▸ Your goal:
The output must consist only of the lines from the one with "Warm Fleece Cute" through the end of the listing, restated exactly and free of pictures.

▸ Dataset excerpt:

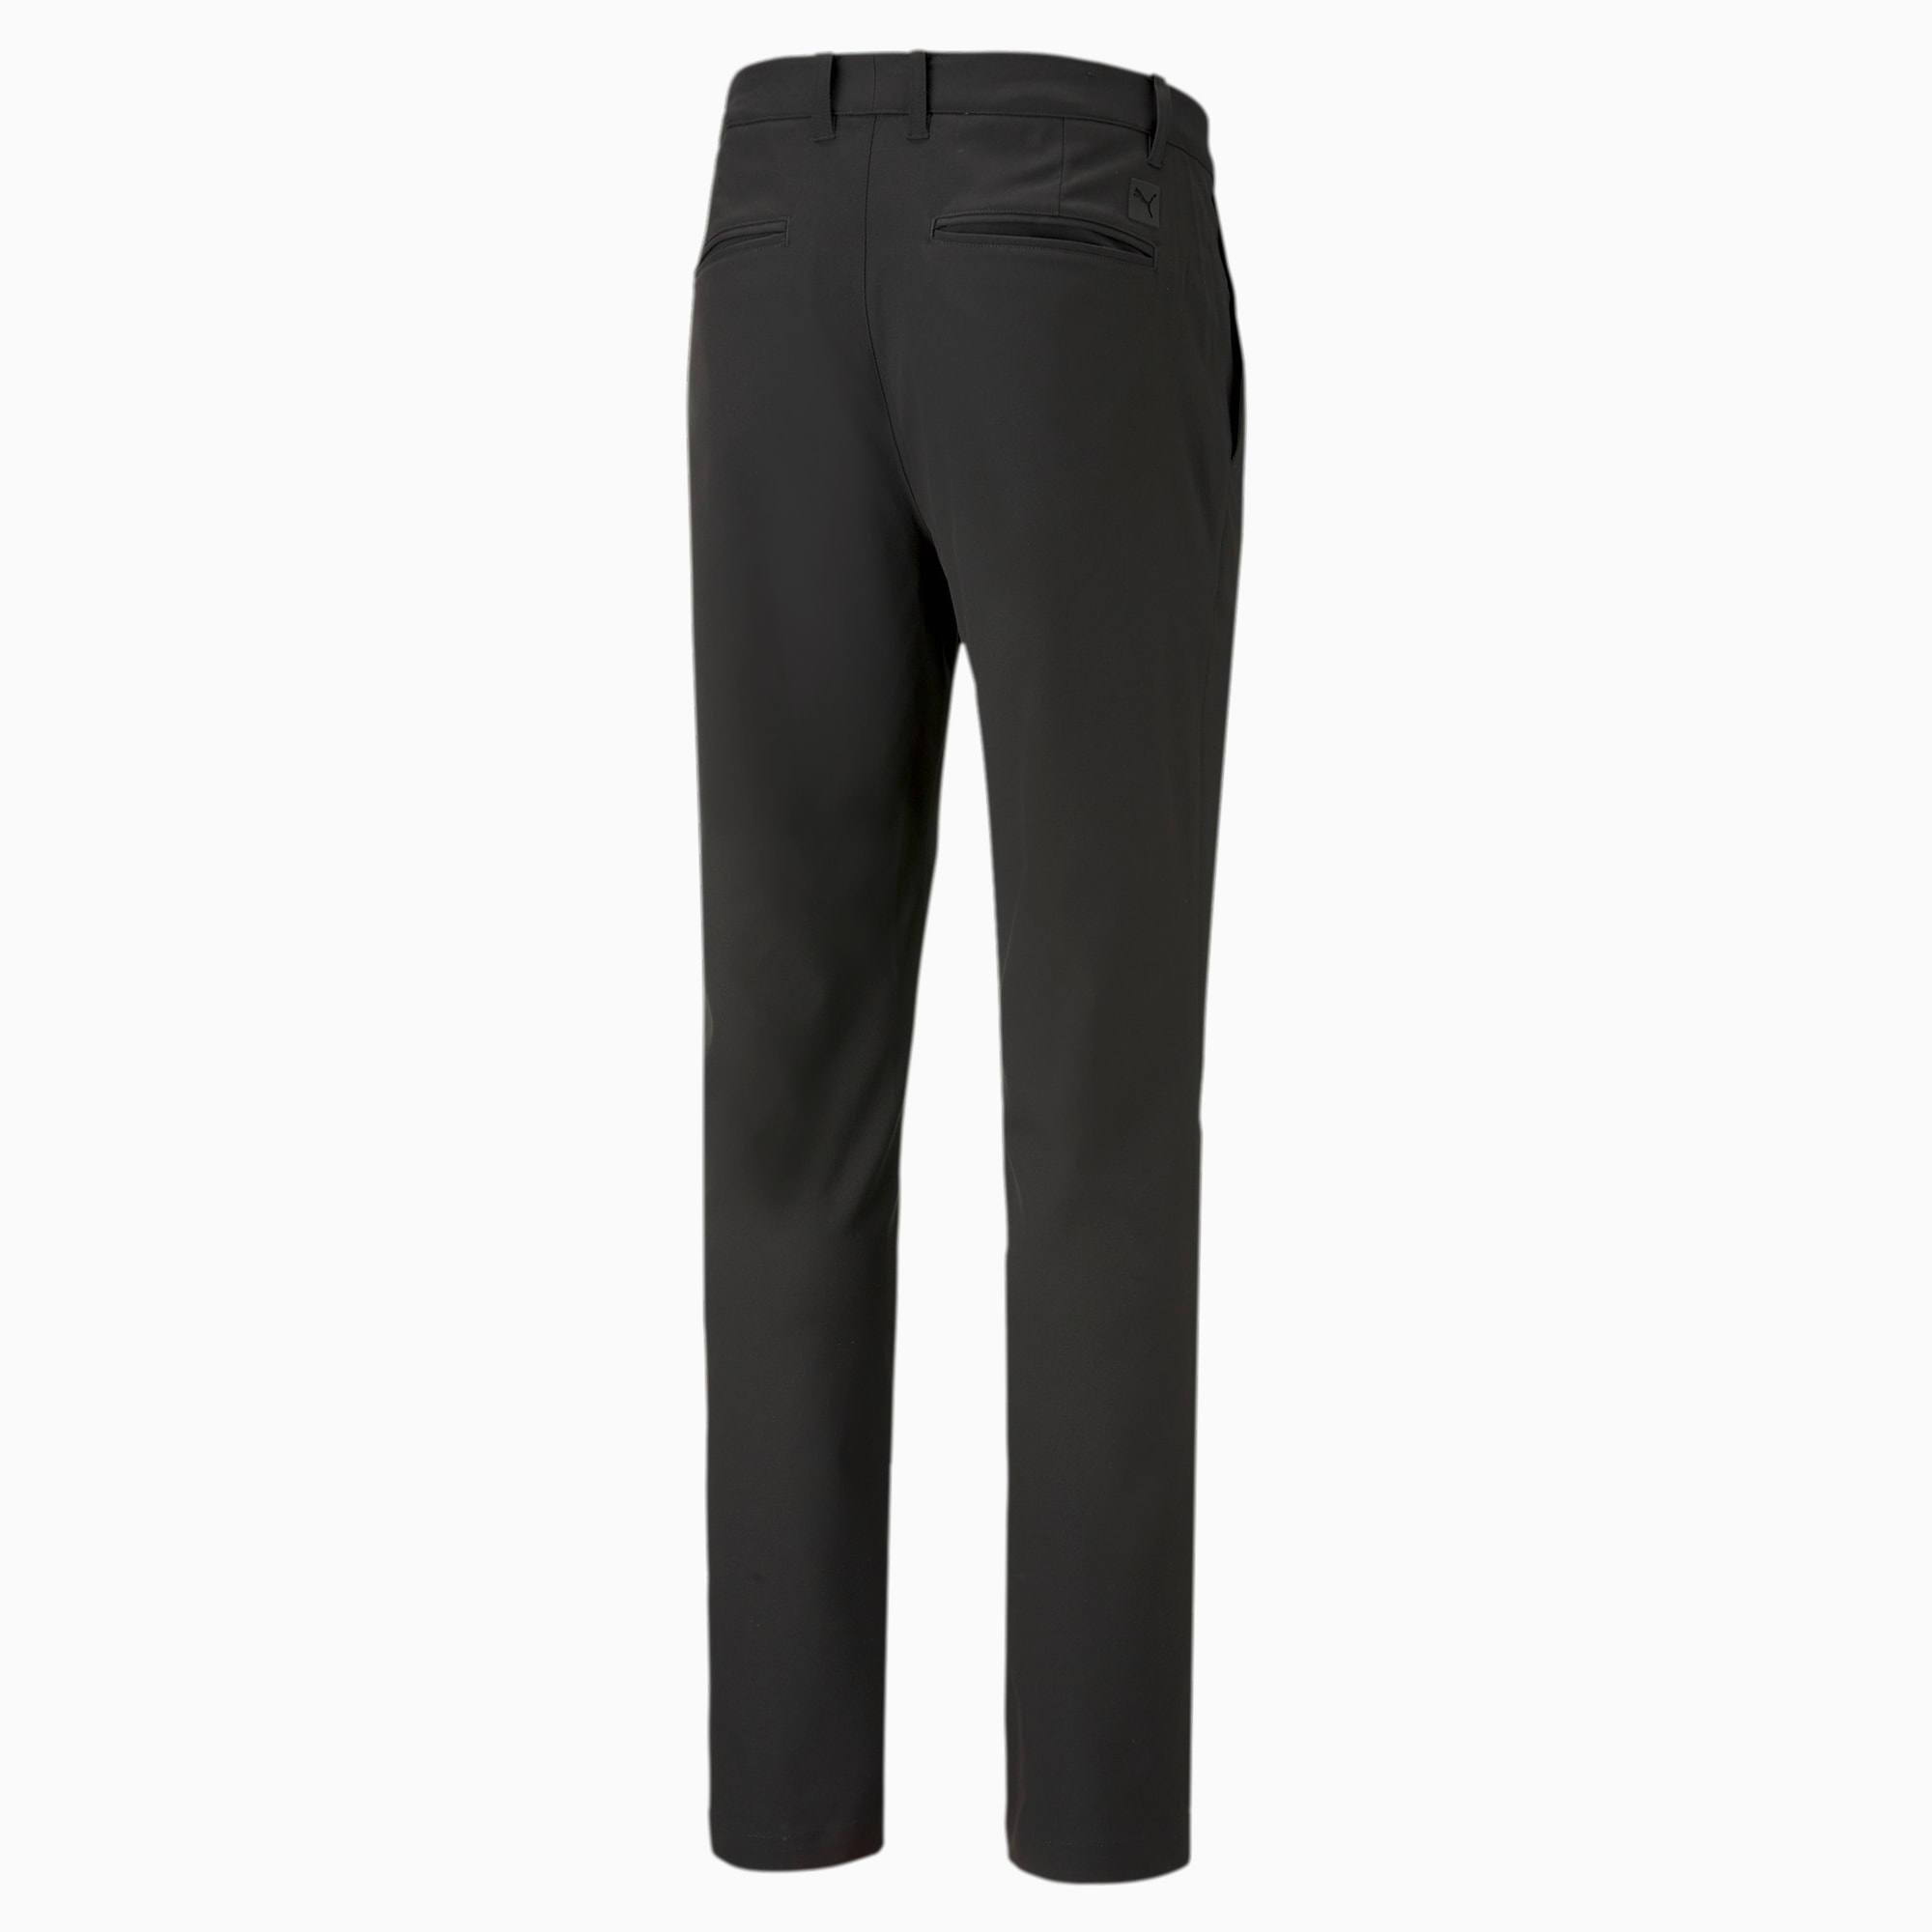 PUMA Dealer Tailored Golf Pants Men, Black, Size 38/32, Clothing
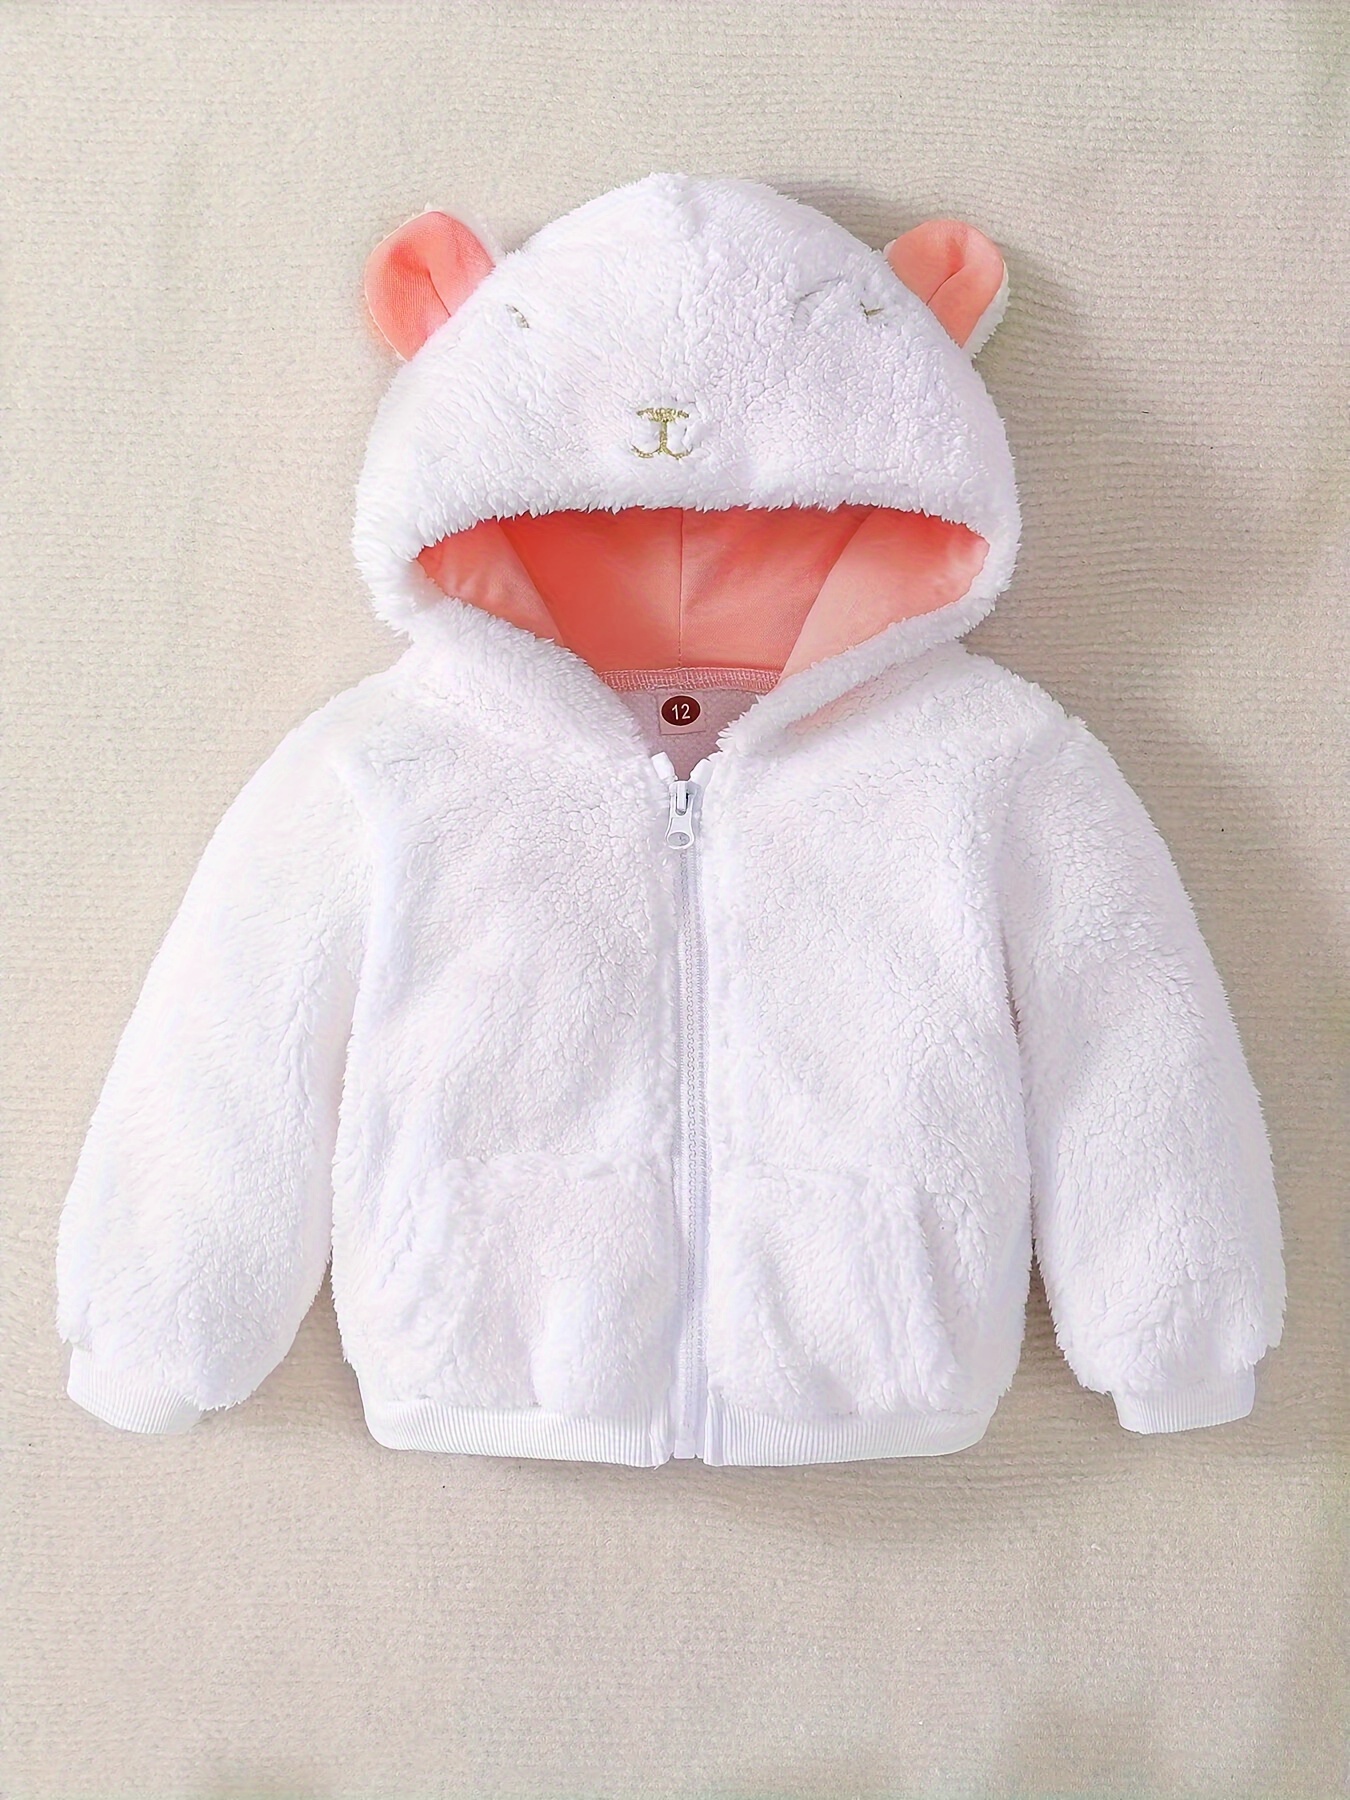 Warm Fleece Cute Bear Shape Jacket For Baby Boys And Girls, Kids
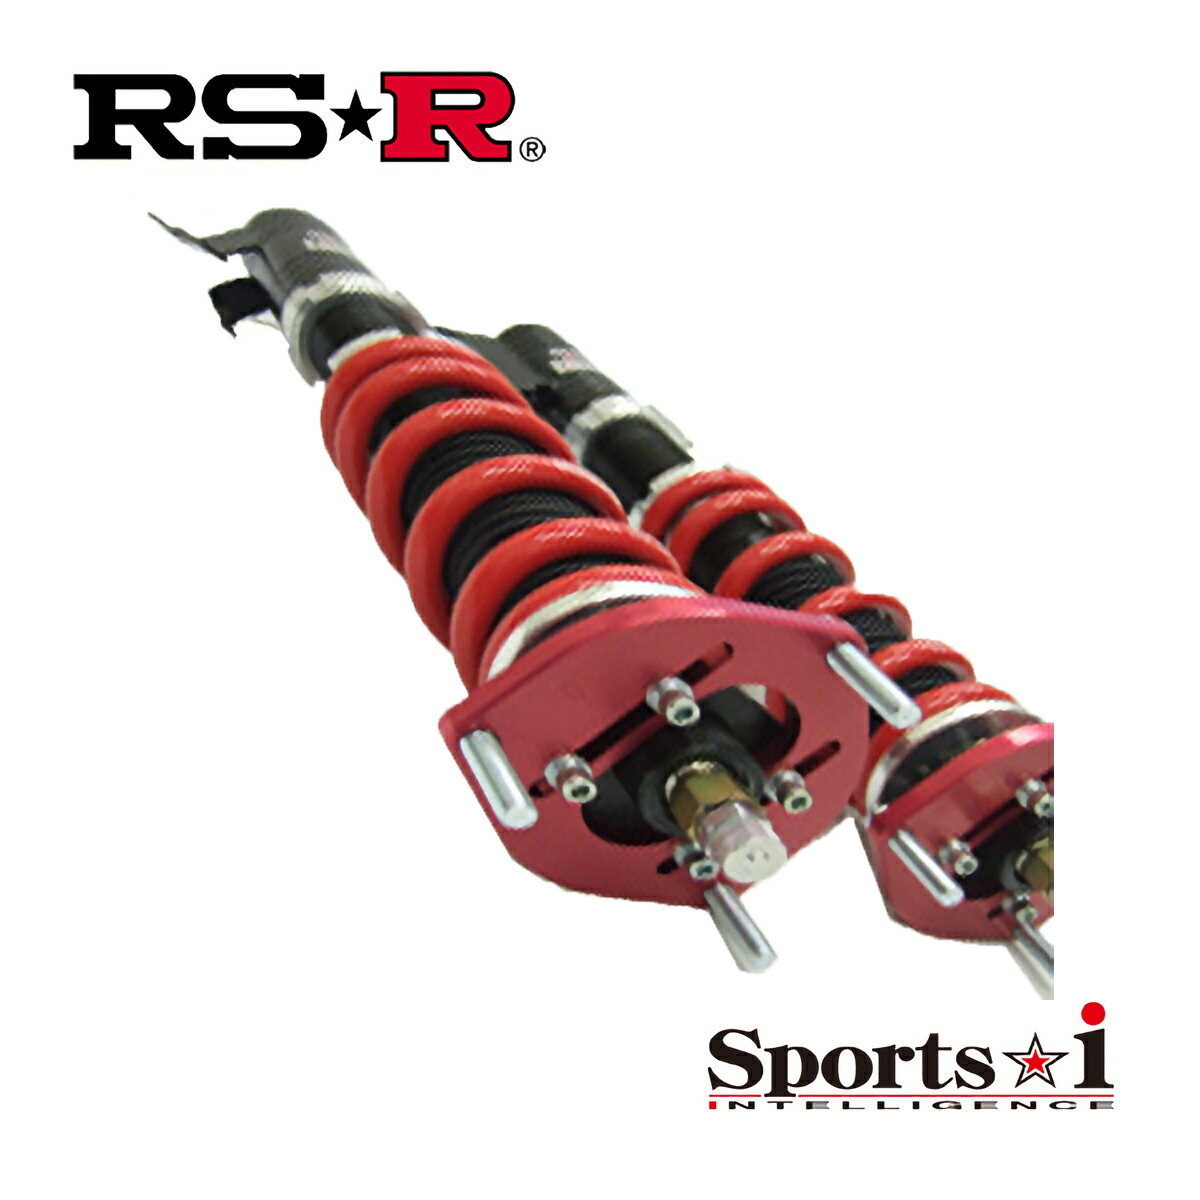 RSR スカイラインGTR BCNR33 車高調 リア車高調整 全長式 NSPN109M RS-R Sports-i スポーツi_画像1

▸ Answer area:
 Warm Fleece Cute Bear Shape Jacket For Baby Boys And Girls, Kids
 RSR スカイラインGTR BCNR33 車高調 リア車高調整 全長式 NSPN109M RS-R Sports-i スポーツi_画像1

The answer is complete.